ИСПОВЕДЬ СОВЕТСКОГО ЧЕЛОВЕКА - страница 11

Шрифт
Интервал


Близкие родственники, о которых сохранилось хоть что-нибудь

Бабушку свою, Хавронью Никифоровну, не помню совсем. Не сохранилось даже ни одной фотографии. Внуками ей заниматься было некогда, она все время где то хлопотала. Запомнилось только, когда она умирала. Это было в 1954 году. По рассказам матери, она была патологически трудолюбивая, из-за чего, собственно, и умерла. Это же качество по наследству досталось и матери. До коллективизации в семье было две коровы, две лошади, стадо овец, и прочая мелкая живность. Как тяжело все это было содержать описать невозможно, знает это только тот, кто это все прошел. Мать рассказывала, что когда, во время коллективизации, все это забирали в колхоз, бабушка была без памяти и ее отливали водой.


Похороны бабушки. Справа налево, Кока, сестра Руфа, мама, ее двоюродная сестра Надежда, дочь Симеона Никифоровича, соседки, отец.


Только последнее время я начал понимать, какой вихрь пронесся по российской деревне после революции. Стенания вперемешку с удивлением длились, пожалуй, до середины шестидесятых годов, когда стали платить зарплату и выдавать паспорта. Да и люди старого воспитания к тому времени поумирали, а появились новые, уже без трепетного отношения как к природе, так и к труду. Удивление, с точки зрения отношения к деревенскому человеку, вызывают все реформы, за исключением, пожалуй, Столыпинской (тоже спорной), которые проводили и проводят, так называемые, реформаторы. Особенно бесчеловечной, конечно, является коллективизация и последняя, ельцинская. Ельцинскую реформой, конечно, назвать вообще нельзя, просто все было брошено на погибель. Я говорю о Нечерноземье. Судя по заросшим полям в нечерноземной зоне, эта «реформа» идет и сейчас. Сейчас появилось модное, как все западное, слово «агломерация». Эта самая агломерация подразумевает уничтожение деревни, как социального понятия, а с ним и уйдет незаметно само понятие России. И все это будет закамуфлировано непонятными западными словечками.

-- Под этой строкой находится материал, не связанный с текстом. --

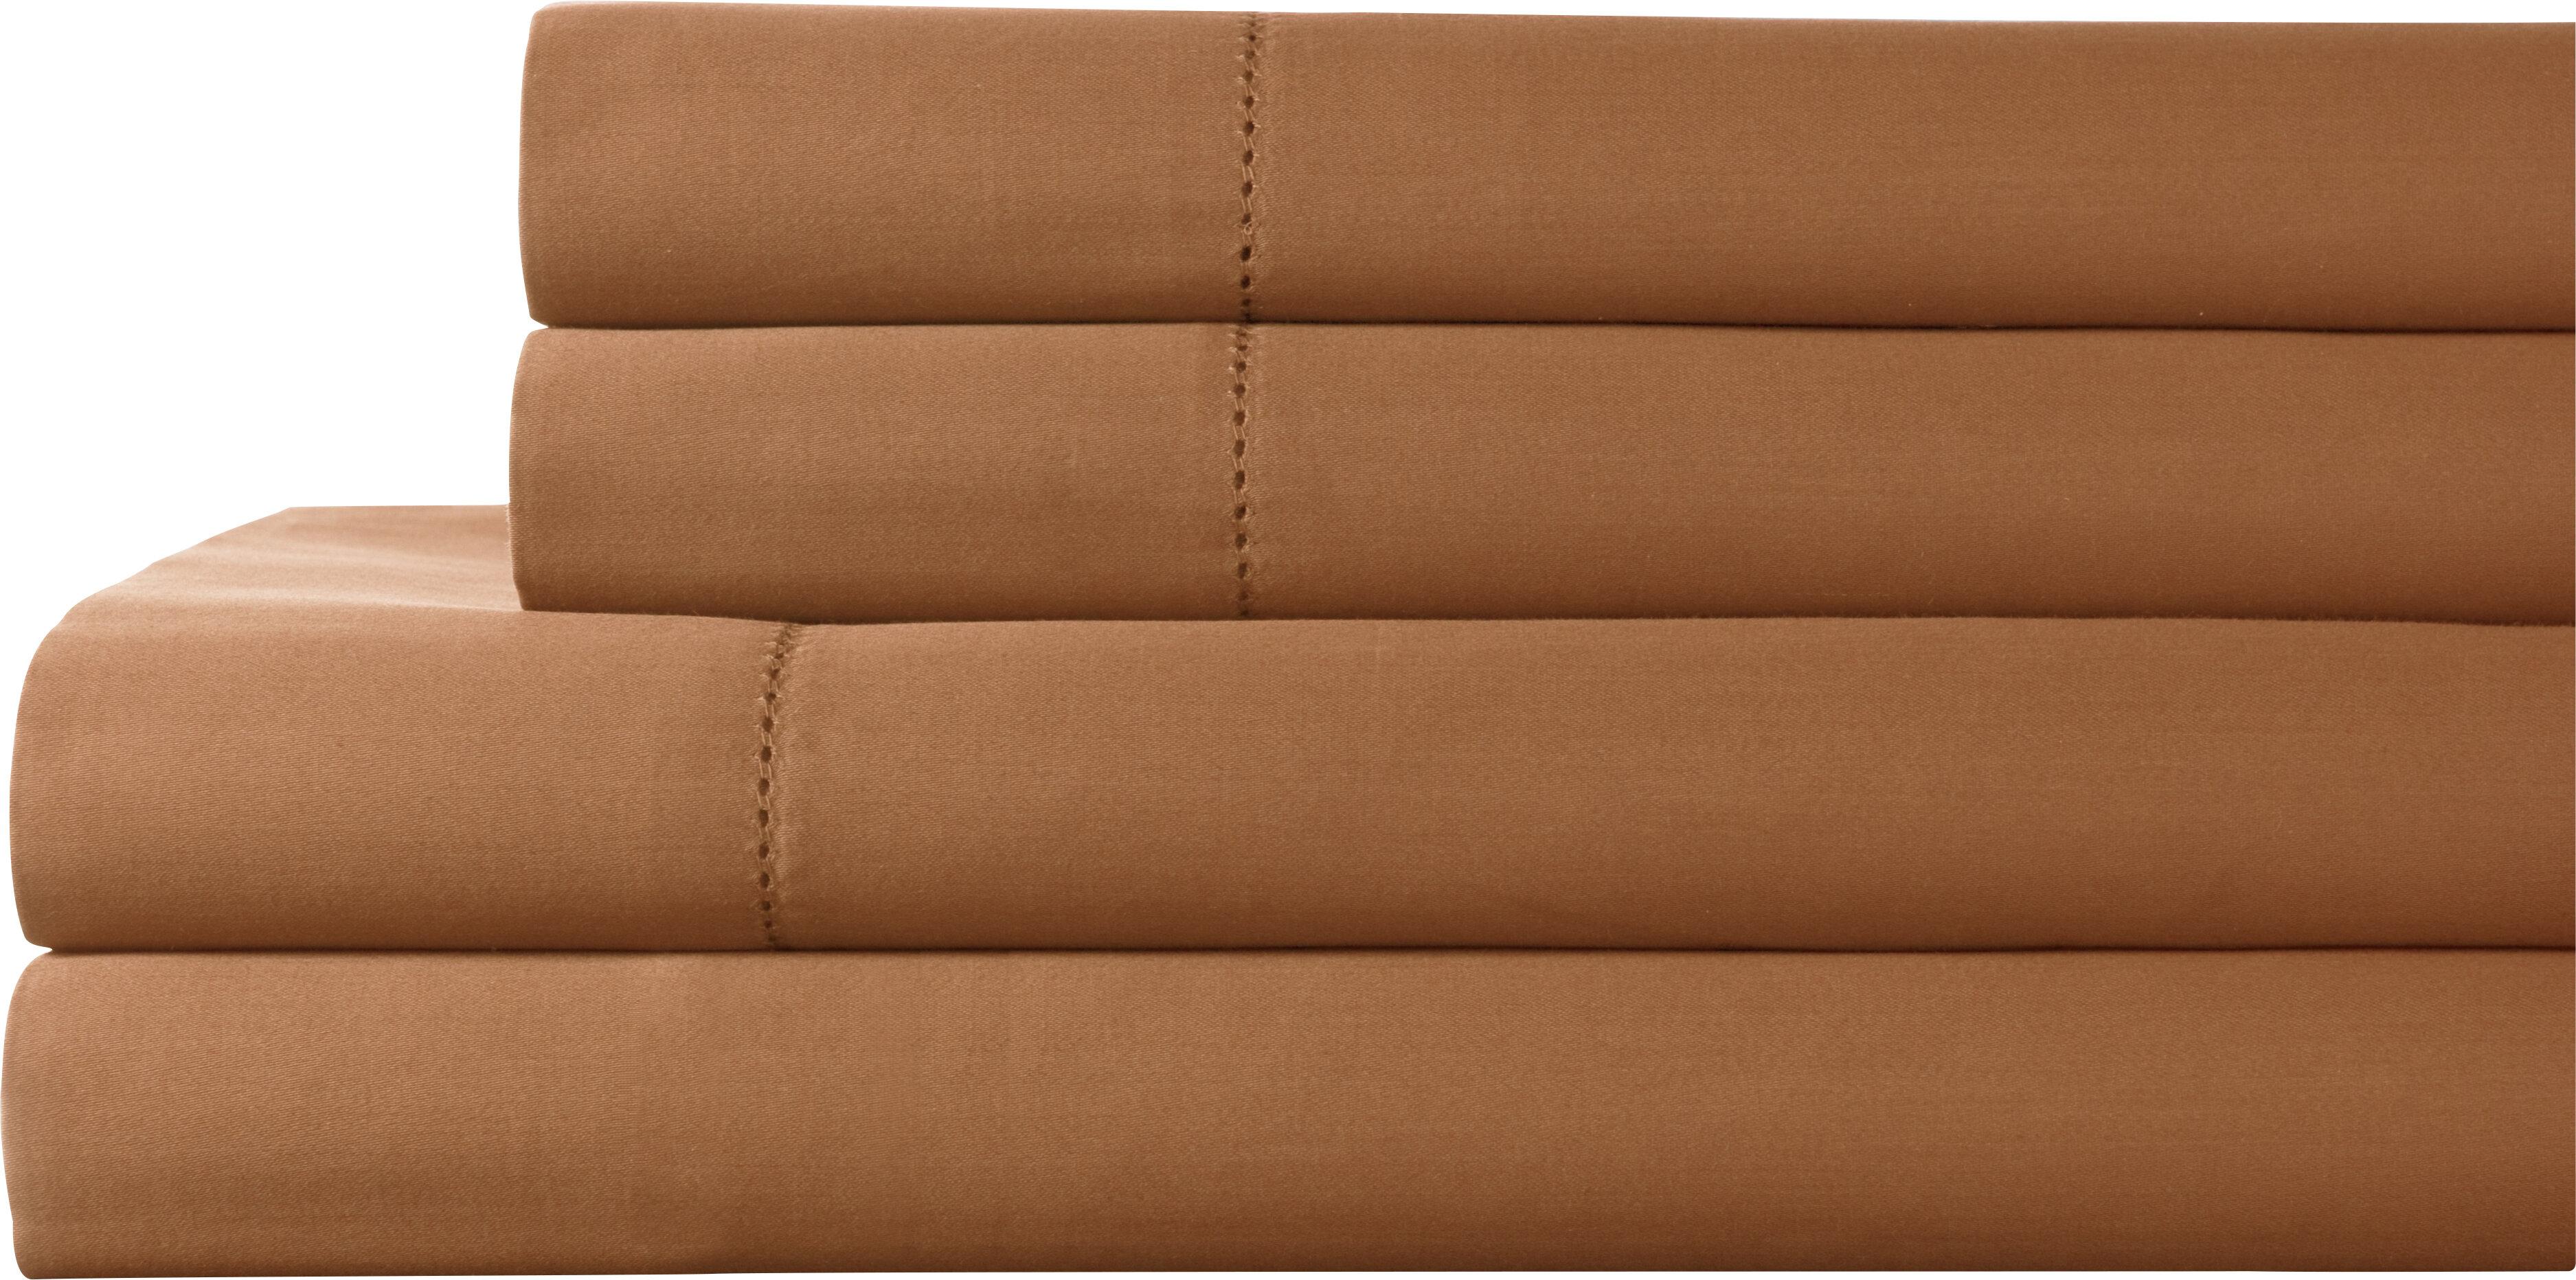 8b6b51788a6 Elite Home Products Tuxedo 325 Thread Count 100% Pima Cotton Sheet Set    Reviews
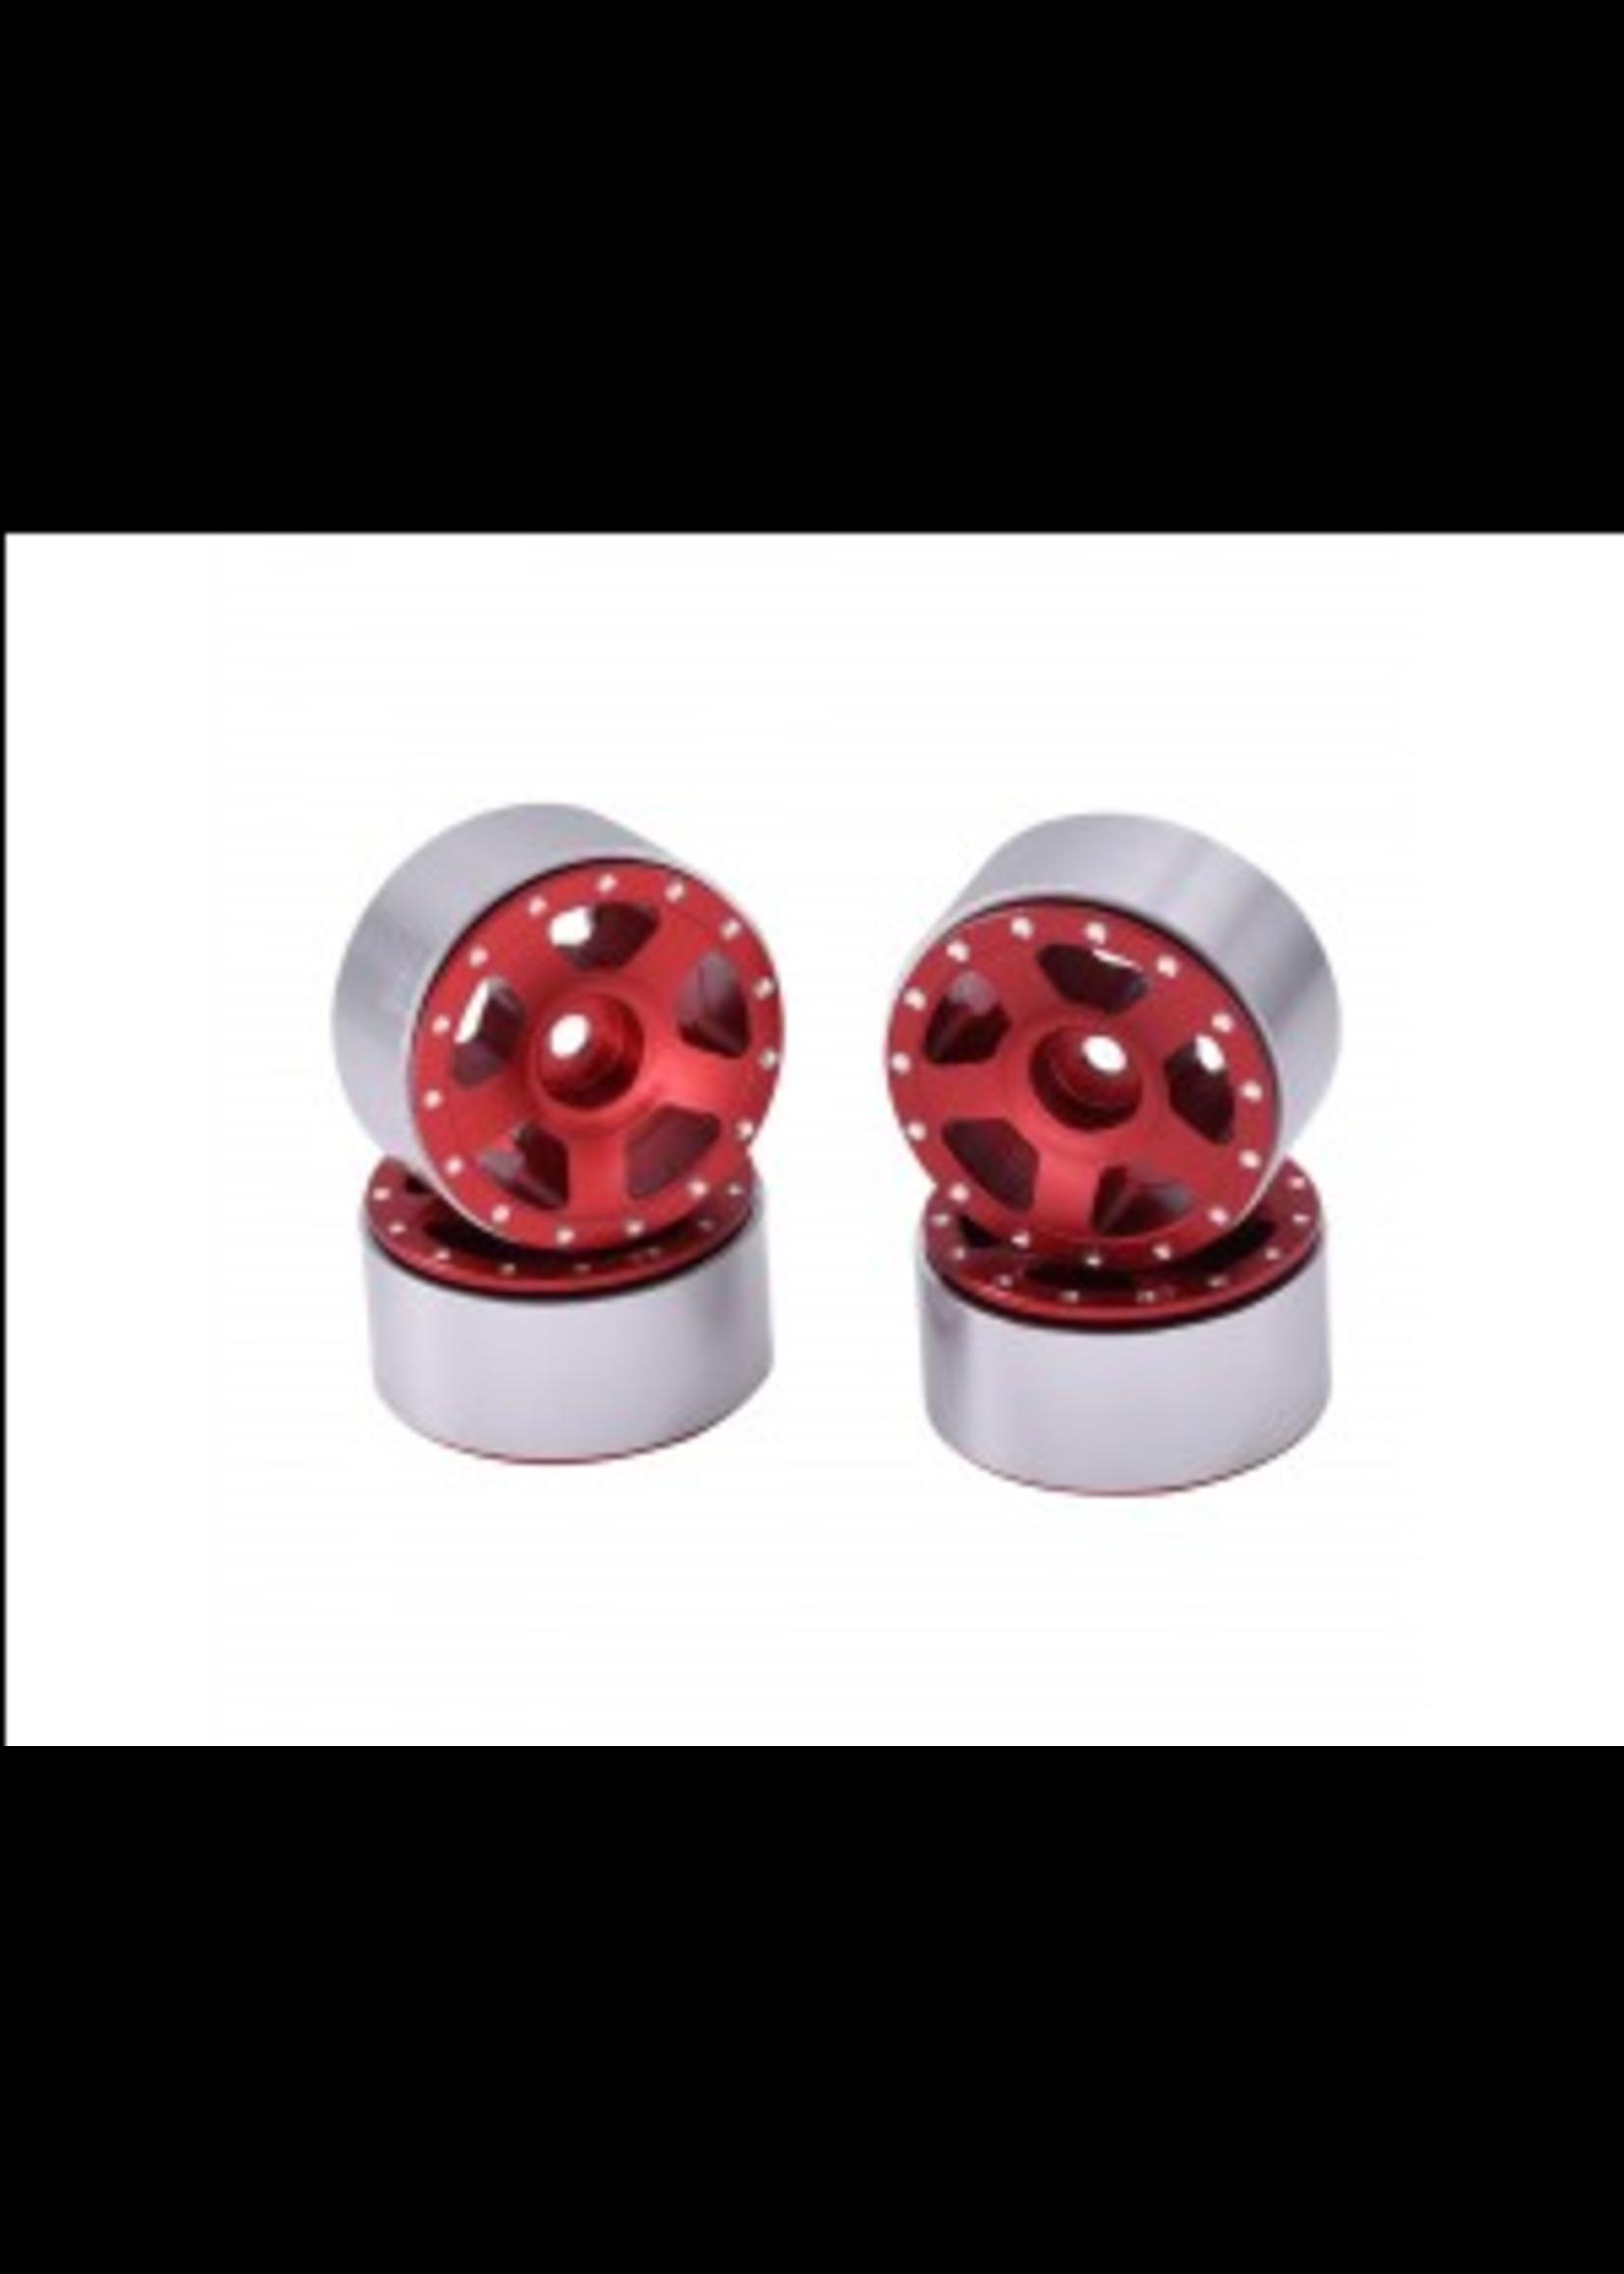 Hobby Details DTSCX24-46A SCX24 Aluminum Starfish Beadlock Wheels, Red

Отвлекусь немного. Когда была жива Кока, которая о том времени могла много рассказать, я еще был мал, как следствие, глуп, чтобы задавать вопросы на эту тему. А по собственной инициативе после всего произошедшего, она, естественно, эту тему не поднимала. Но когда случайно заговаривали о крестьянской жизни, у ней всегда чувствовалась тоска по старой, дореволюционной жизни. Этот пробел хорошо восполнил Александр Николаевич Городков, живший в деревне Ломки, с которым мы сблизились в последнее время. Я о нем еще скажу. Так вот на примере своей семьи, главой которой был его дед, можно судить о вихре, пронесшемся тогда по крестьянской жизни. Жили они в деревне Мотыкино, находящейся в четырех километрах от Займища. У него было четыре сына. По мере взросления и создания собственных семей дед их отделял. Строились приблизительно в трехстах метрах дом от дома. Это не очень близко, что бы не мешать друг другу, и не очень далеко, чтобы вовремя прийти на помощь. Строиться помогали все. Младшему оставался родительский дом и хозяйство. За это он был обязан обеспечить спокойную старость родителям. Так вот после революции линию партии на коллективизацию выполняли «голодранцы» (его определение), не умеющие содержать и приумножать свое хозяйство, но желающие командовать. Во время этой коллективизации всем его дядям, жившим рядом с деревней, была дана команда перенести дома в Мотыкино в течение нескольких недель. Иначе высылка на Соловки. Дома поставить рядом. Преследовалась цель, как можно догадаться, приглядывать, как бы чего не замыслили вдалеке от «обчества». Я только в последнее время стал думать, что же творилось в головах нормальных крестьян, которые все это сумасшествие пережили. Первый раз слово Соловки я услышал, где-то в 50 году, когда соседи напротив куда-то уезжали. Это слово у меня ассоциировалось с соловьями.